Forscher warnen vor ihm, Politiker machen ihn immer wieder zum Wahlkampfthema und jeder hat mit dessen Folgen zu kämpfen. Gemeint ist der Klimawandel. Große Umweltkatastrophen wie Tsunamis zeigen die Gefahren, die mit dem Wandel einhergehen. Doch wir Deutschen wähnen diese Gefahr eher im Ausland und beschweren uns höchstens über die ungewohnt hohen Temperaturen im Sommer bzw. die harten Winter der vornehmlich letzten Jahre.
Neben den Temperaturen ist es jedoch auch der Niederschlag, der die Auswirkungen des Klimawandels auch in Deutschland zeigt. Überschwemmungen gab es zwar schon immer, doch fallen diese von Jahr zu Jahr heftiger aus, sodass die Flüsse immer weiter über die Ufer treten und das Einzugsgebiet des Hochwassers größere Dimensionen annimmt.

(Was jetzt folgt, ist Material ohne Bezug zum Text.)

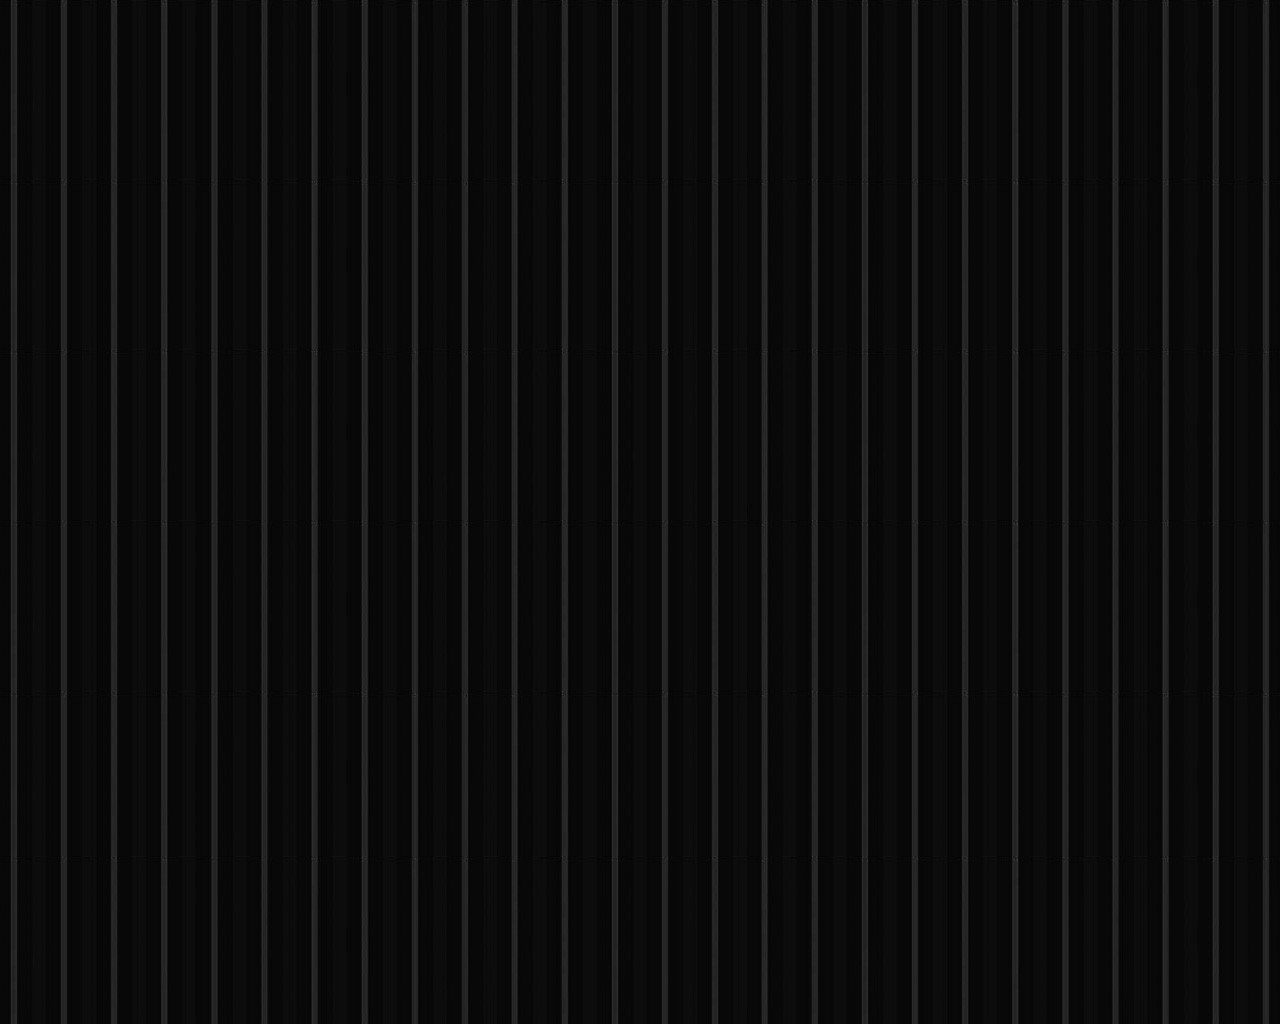 Wallpaper Hd Black White Black Lines Graphic Preview Createblog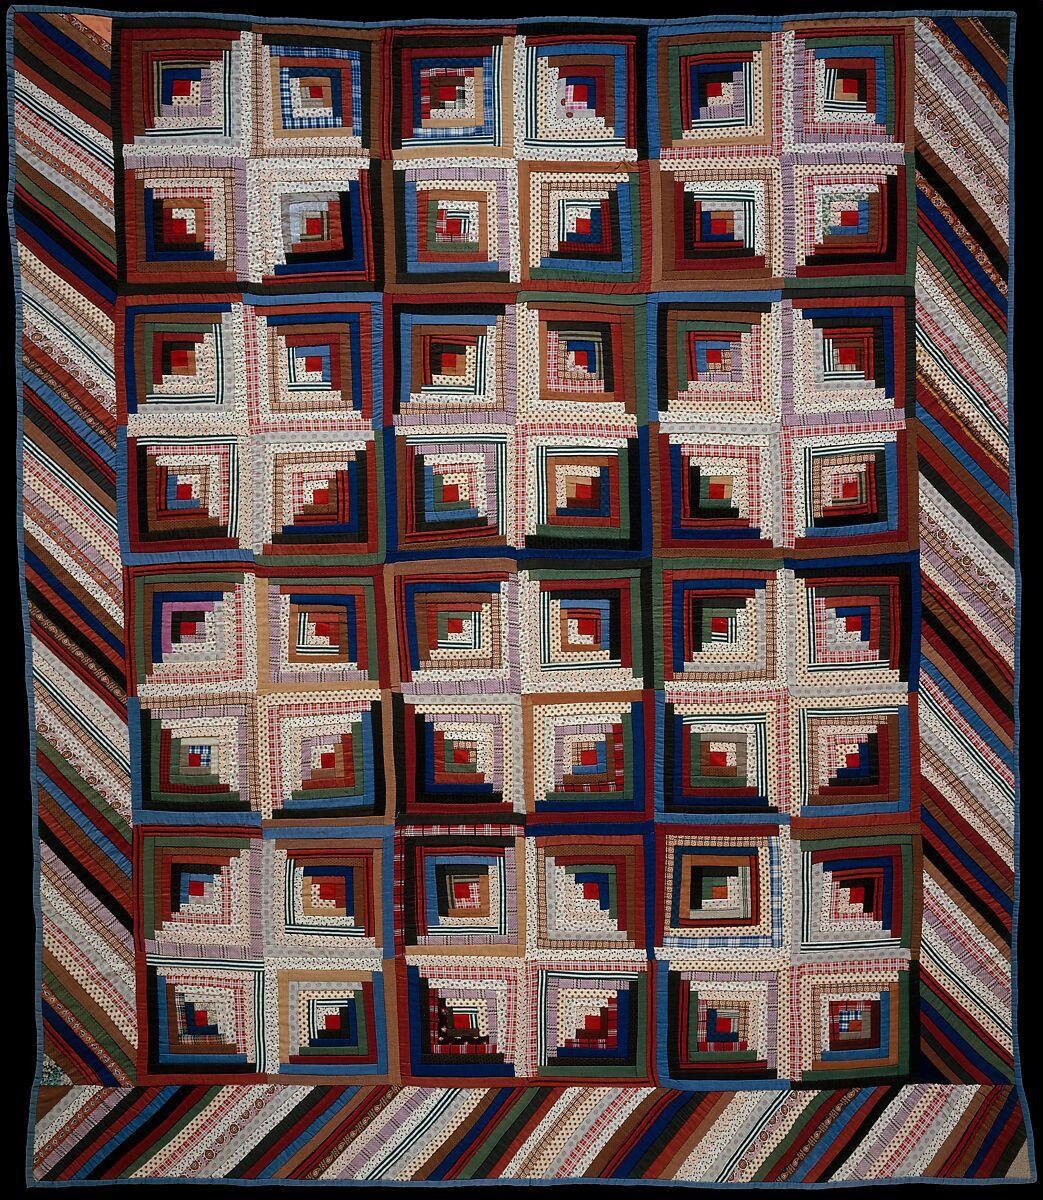 Quilt Log Cabin Pattern Light And Dark Variation American The Metropolitan Museum Of Art

Der viel beschworene Stopp von Treibhausgasemissionen ist langfristig ein wichtiges Ziel, würde kurzfristig allerdings keine merklichen Veränderungen herbeiführen. Selbst bei noch so umweltfreundlichen Verhalten der Menschheit nimmt die Erdtemperatur in den nächsten Jahren auf jeden Fall zu. Das Klimasystem der Erde ist einfach zu träge, als das Veränderungen bereits nach kurzer Zeit eintreten. Bedeutet zugleich: Die Fehler, die der Mensch im vor allem im 20. Jahrhundert begangen hat, wirken sich jetzt aus, treiben die Temperaturen nach oben und lassen die Gletscher schmelzen.